Sur scène, six jeunes femmes asiatiques dansent en faisant virevolter d'immenses drapeaux qui tracent de spectaculaires figures colorées dans l'espace. La musique est classique, mais leur chorégraphie ne l'est pas. Parfaitement synchronisées, avec une grâce qui défie l'apesanteur, elles enchaînent les figures dans une précision qui n'a plus rien d'humain.
Installé au milieu du parterre, Nicolas, le metteur en scène, prend des notes à la lueur de sa lampe. Comme toujours au printemps, le théâtre auditionne les artistes susceptibles d'enrichir sa programmation de la saison suivante. La tradition veut que ceux de l'équipe qui le souhaitent s'installent aussi en tant que spectateurs et donnent ensuite leur avis. C'est un moment particulier, convivial, où chacun devient un peu membre d'un jury qui cherche la perle rare capable d'attirer les foules.
Le numéro finit par prendre fin et les jeunes femmes saluent.
— Superbe ! s'enthousiasme Nicolas en applaudissant. Quel spectacle ! Je regrette que notre scène ne soit pas complètement adaptée à votre art, mais je vais vous recommander à d'autres établissements. Bravo !
Il les remercie chaleureusement et appelle le numéro suivant. Laura profite du temps de mise en place pour se glisser auprès de ceux qui sont déjà installés. Chantal, Marco et Annie sont là. Arnaud est aussi présent aux côtés de Norbert, cette fois costumé en mousquetaire.
— Pardonnez-moi, murmure Laura, la prof de droit nous a retenus plus longtemps que prévu.
— Tout va bien, souffle Victor. Tu n'as rien manqué. Quelques numéros superbes, mais aucun n'est adapté à notre configuration.
Laura s'assoit près de lui, en K16. Olivier, assis juste devant en J15, se retourne et commente :
— Les filles dansaient magnifiquement, mais notre scène les limite. Dommage, parce que c'était du beau boulot.
Une jeune fille monte sur le plateau. Elle est habillée d'une robe étrange composée de formes géométriques aux couleurs criardes et porte une paire d'ailes bricolées illuminées par des diodes de guirlande de Noël.
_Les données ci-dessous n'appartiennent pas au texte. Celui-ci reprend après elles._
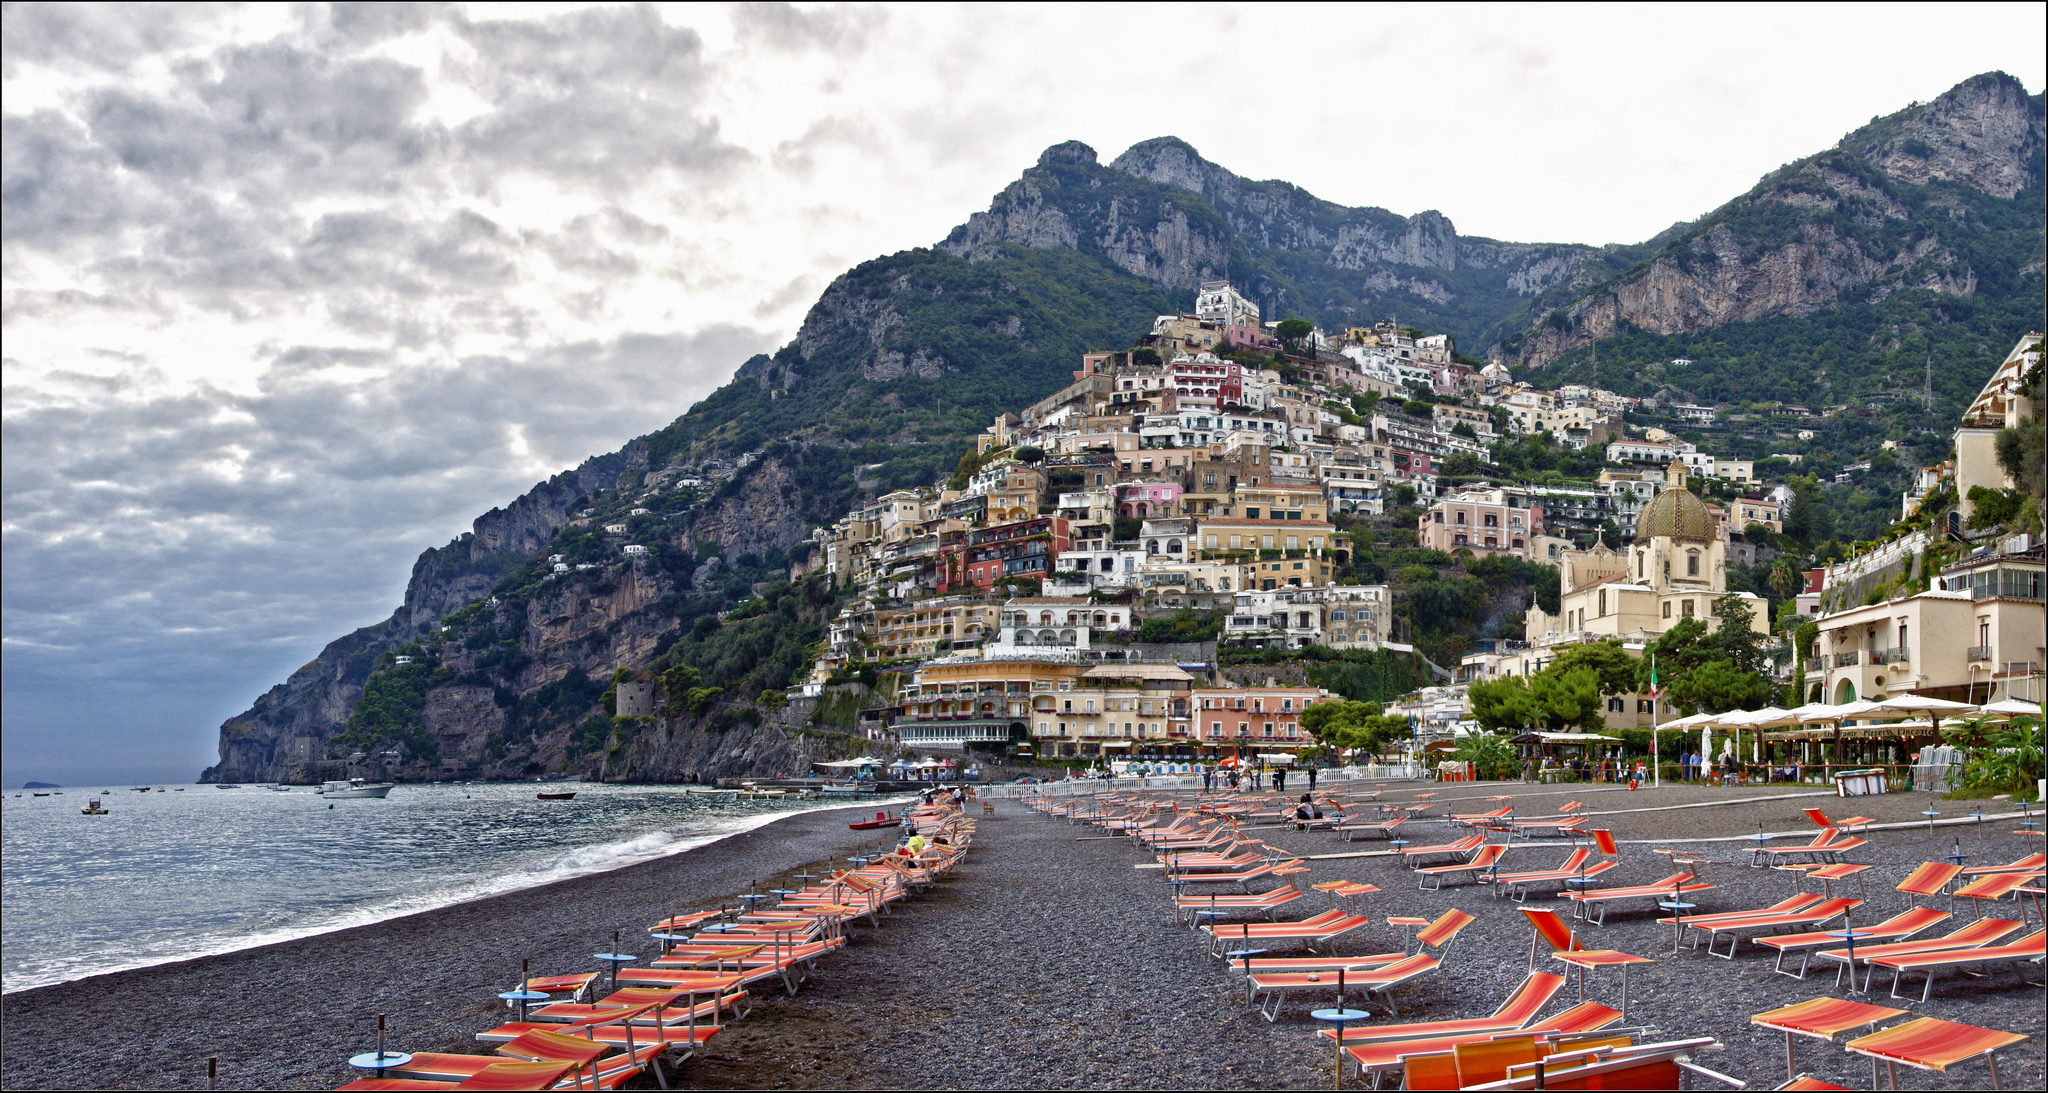 Plazh_Positano_Italia_Italy_Solerno

— La vache, souffle Olivier, je l'avais pas reconnue.
Il retient un rire. Les autres semblent eux aussi s'amuser à l'avance. Victor explique :
— Elle revient chaque année. Tu dois nous juger peu charitables de nous moquer avant d'avoir vu ce qu'elle propose, mais c'est une petite peste qui s'appuie sur le fait que son père est adjoint au maire pour essayer de nous imposer sa présence…
Nicolas l'accueille sans broncher, de façon tout à fait professionnelle.
— Bonjour, nous avons hâte de voir ce que vous nous proposez cette année. Le plateau est à vous !
Déjà concentrée, le visage crispé comme celui d'une victime de crash aérien, la candidate ne répond pas. Une musique déstructurée résonne tout à coup dans la salle. Dans son fauteuil, Olivier rentre la tête dans les épaules, redoutant le pire.
— Ivresse ! s'écrie l'artiste en étirant ses bras comme si elle était écartelée.
D'une voix rauque, elle scande :
— Fille rousse ! Chat noir ! Enfant bleu ! Oiseau de feu !
Elle hurle. Personne n'envie Nicolas, qui doit demeurer stoïque alors que, dans le fond, telle une bande de cancres, les heureux spectateurs commencent à se gondoler.
— Elle ne nous l'avait pas encore faite celle-là…, murmure Victor, que la performance amuse beaucoup.
Laura ne laisse rien paraître de ce qu'elle pense. Les notes de musique dissonantes se succèdent alors que la demoiselle multicolore se contorsionne sur scène, alternant des poses christiques ou martiales.
— Hiver ! Hiver, ta neige n'est pas la bienvenue ! Insatiable victuaille qui court le long du temps !
Olivier est maintenant secoué de spasmes qu'il tente de réprimer. Laura est agitée par les soubresauts nerveux que Victor imprime à son rang de fauteuils… Coup de gong. La fille se laisse tomber au sol, repliée en position fœtale. Tout le monde espère que c'est la fin. Nicolas cherche déjà ce qu'il va pouvoir lui dire pour la virer sans la vexer, mais la voilà qui se relève sur un accord glissant de violon que l'on malmène.
— Je suis une émanation des nations ! Mitaines, cagoules, petits chaussons, protégez mes ressortissants !
Elle s'immobilise, comme pétrifiée.
Un applaudissement vigoureux éclate dans la salle. Installé au siège N5, Taylor, l'un des habilleurs, s'est levé pour une standing ovation à lui tout seul. Son visage rayonne d'admiration.
— Ça ne va pas nous aider à lui dire non, commente Victor.